I have a large text file containing a list of emails called "main", and I have sent mails to some of them. I have a list of 'sent' emails. Now, I want to remove the 'sent' emails from the list "main".

In other words, I want to remove both the matching raw from the text file while removing duplicates. Example:

I have:

email@email.com
test@test.com
email@email.com

I want:

test@test.com

Is there any easier way to achieve this? Please suggest a tool or method to do this, but please consider the text file is larger than 10MB.

leopard121
  • 11
  • 1
  • Does Notepadd++ support regex/scripting? –  Sep 20 '14 at 22:56
  • You can probably use power shells compare-object cmdlet http://technet.microsoft.com/en-us/library/ee156812.aspx – T I Sep 20 '14 at 23:12
  • I am not completely sure about your requirements. But if your main and the send list are in the same file, maybe [my answer here](http://stackoverflow.com/a/16293580/626273) can help you. – stema Sep 22 '14 at 08:37
  • @leopard121 What do you mean by `remove both the matching raw from the text file`? – Cullub Sep 22 '14 at 13:22
  • @stema thanks for the link. The code works, but does not remove all the matching rows. I mean, if there're 10 duplicate rows, it remove the nine, but I need to remove all. – leopard121 Sep 24 '14 at 11:41
  • @cullub I want to remove all matching rows.
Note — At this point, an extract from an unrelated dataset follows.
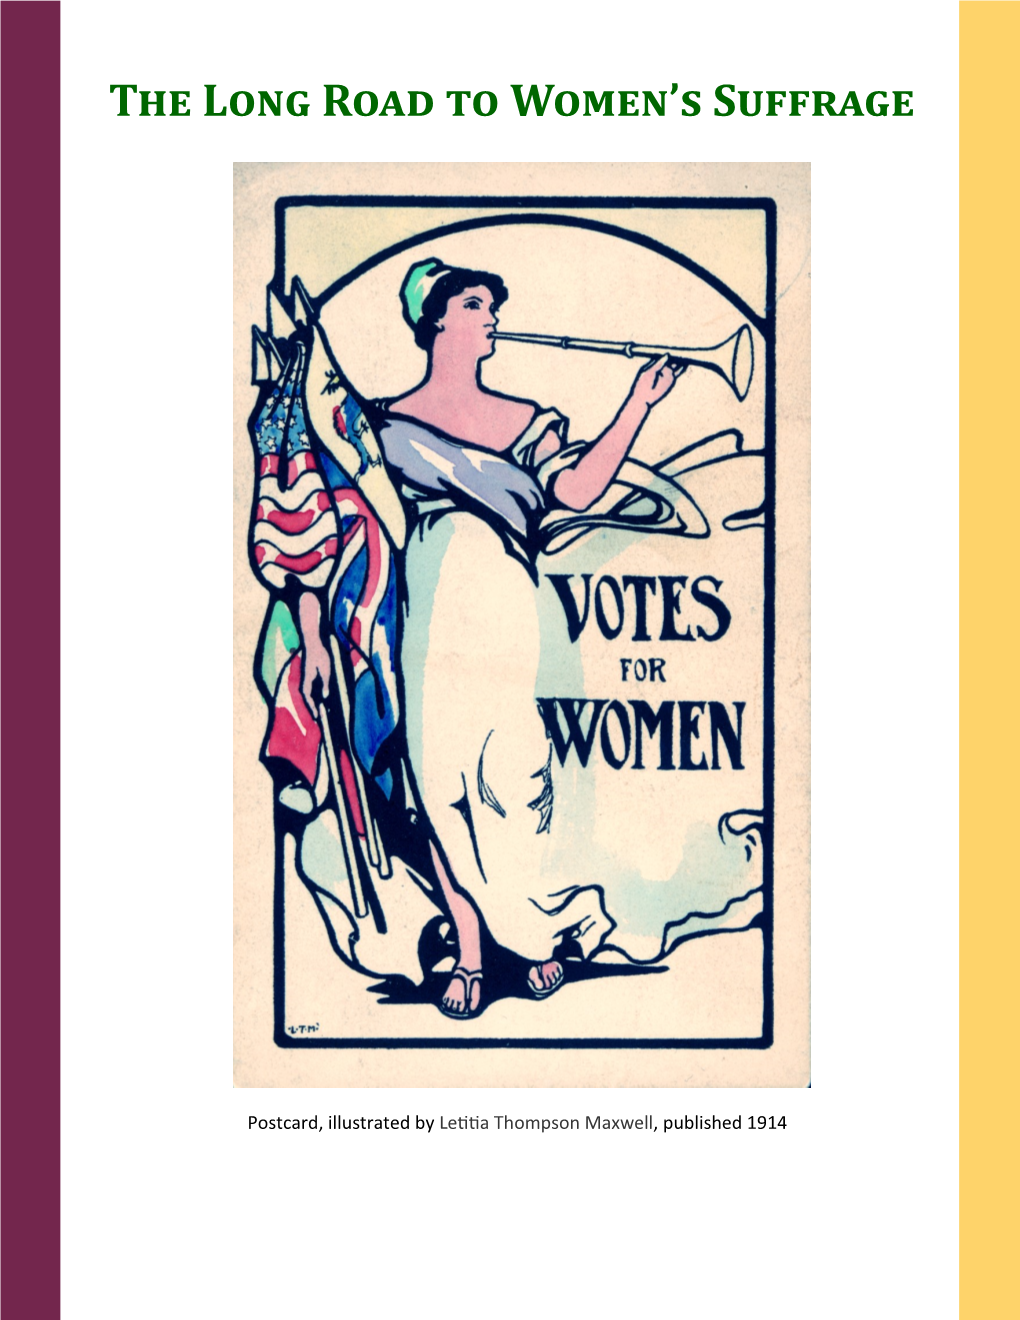 The Long Road to Women's Suffrage

Please see the example. – leopard121 Sep 24 '14 at 11:42

2 Answers2

0

In terminal:

cat test| sort | uniq -c | awk -F" " '{if($1==1) print $2}'
learnerer
  • 396
  • 1
  • 2
  • 17
0

I use cygwin a lot for such tasks, as the unix command line is incredibly powerful.

Here's how to achieve what you want:

cat main.txt | sort -u | grep -Fvxf sent.txt

sort -u will remove duplicates (by sorting the main.txt file first), and grep will take care of removing the unwanted addresses.

Here's what the grep options mean:

  • -F plain text search
  • -v invert results
  • -x will force the whole line to match the pattern
  • -f read patterns from the specified file

Oh, and if your files are in the Windows format (CR LF newlines) you'll rather have to do this:

cat main.txt | dos2unix | sort -u | grep -Fvxf <(cat sent.txt | dos2unix)

Just like with the Windows command line, you can simply add:

> output.txt

at the end of the command line to redirect the output to a text file.

Lucas Trzesniewski
  • 50,214
  • 11
  • 107
  • 158